Application Security: Managing Vulnerabilities Throughout SDLC

How can I find security people, how do I deal with budget and time, how should I prioritize, what will have the most impact on the business, what will reduce my risk the most? These are the questions that are facing many security teams. In the vulnerability space many are still working off of spreadsheets and ad hoc reports in order to answer these questions. This problem has become so widespread that a new category has been created called Application Vulnerability Correlation. Nopsec have been in this space for many years and we would like to share the seven components necessary to truly have an impact in AVC.

Components_of_AVC

  1. Expertise and Knowledge – Expertise and knowledge is necessary to consolidate the number of vulnerabilities, prioritize them and eliminate the noise though correlation
  2. The Big Picture – Looking at one environment is not enough.

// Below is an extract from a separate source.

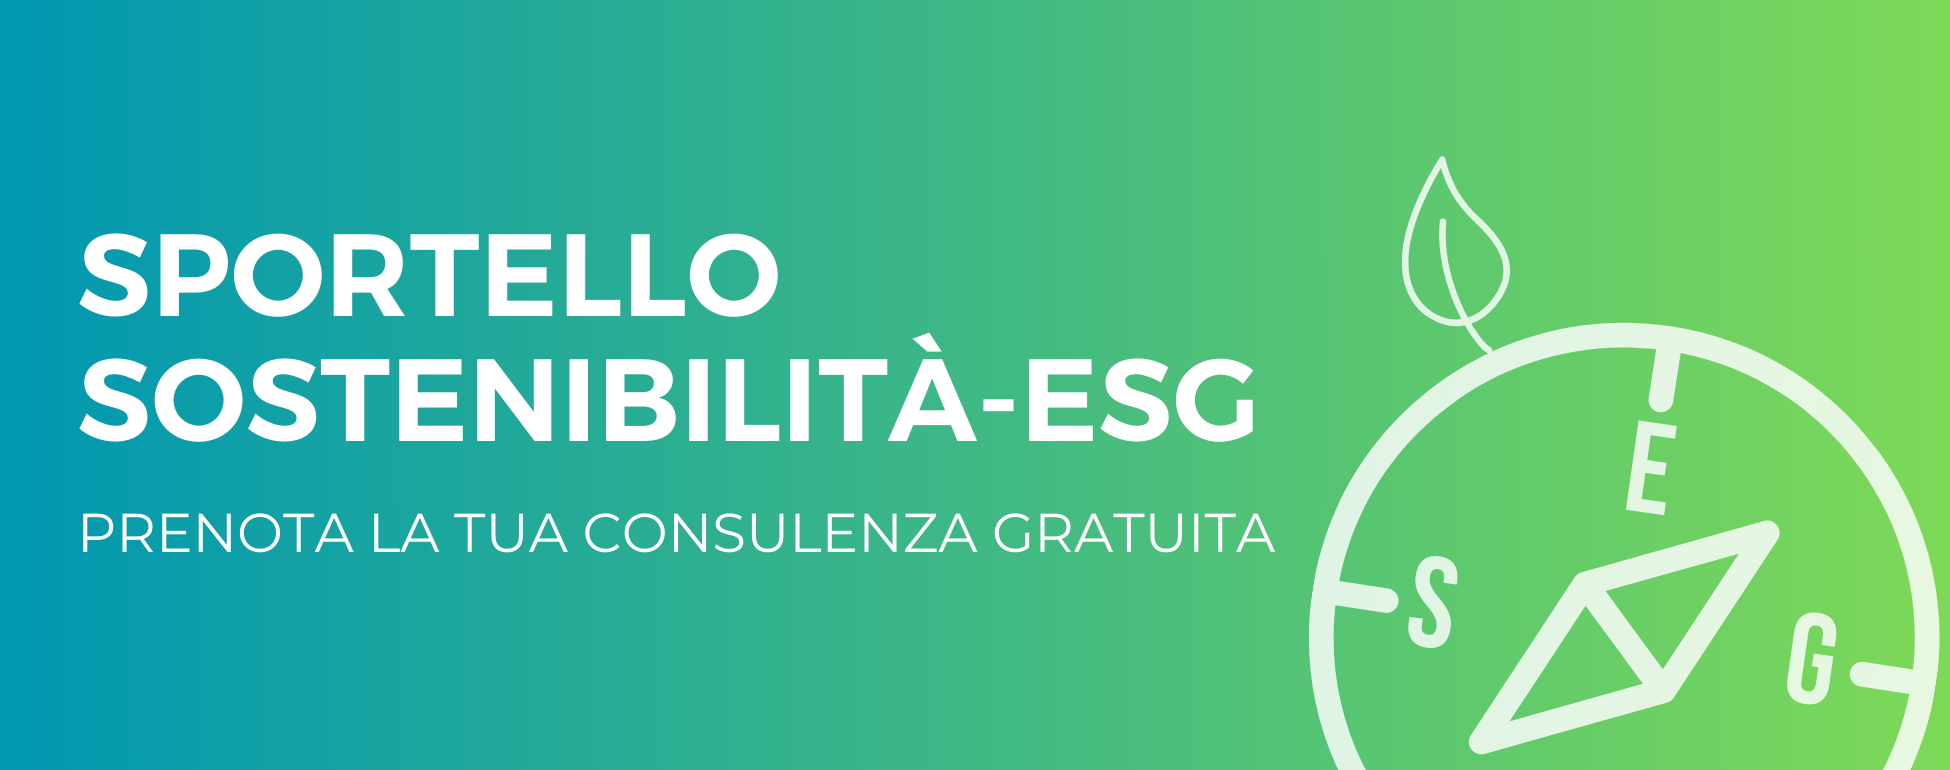 Fascione_sportello sostenibilità-ESG

A complete AVC solution should look at vulnerabilities in commercial products, system configuration, in house developed applications, cloud platforms, operating systems, internal and external networks.
  3. The Entire Application Stack – Inspection and knowledge of the full application stack is necessary. An Applications code may be vulnerability free but a child/parent component may be vulnerable
  4. Prioritization – Adding context, eliminating false positives and duplicates. Reprioritizing based on exploit availability, asset criticality, social context and exploitability
  5. Automation – Must look at attack chains and not silos of vulnerabilities. Proactive investigation including privilege escalation and credential extraction.
  6. Vulnerability Workflow Management – Remediation workflow, assignment and oversight is critical to the success of a vulnerability program. Discovery without remediation does not reduce risk
  7. Integration – Extensible integration with scanners, threat intel, social context, asset info, AI rules and other data as it becomes available.

Application Vulnerability Correlation should not be about looking at vulnerabilities in isolation. It should be about looking holistically at the vulnerability problem across the entire environment and prioritizing the work necessary to reduce risk. The seven areas above outline the seven areas necessary to have a comprehensive vulnerability management program.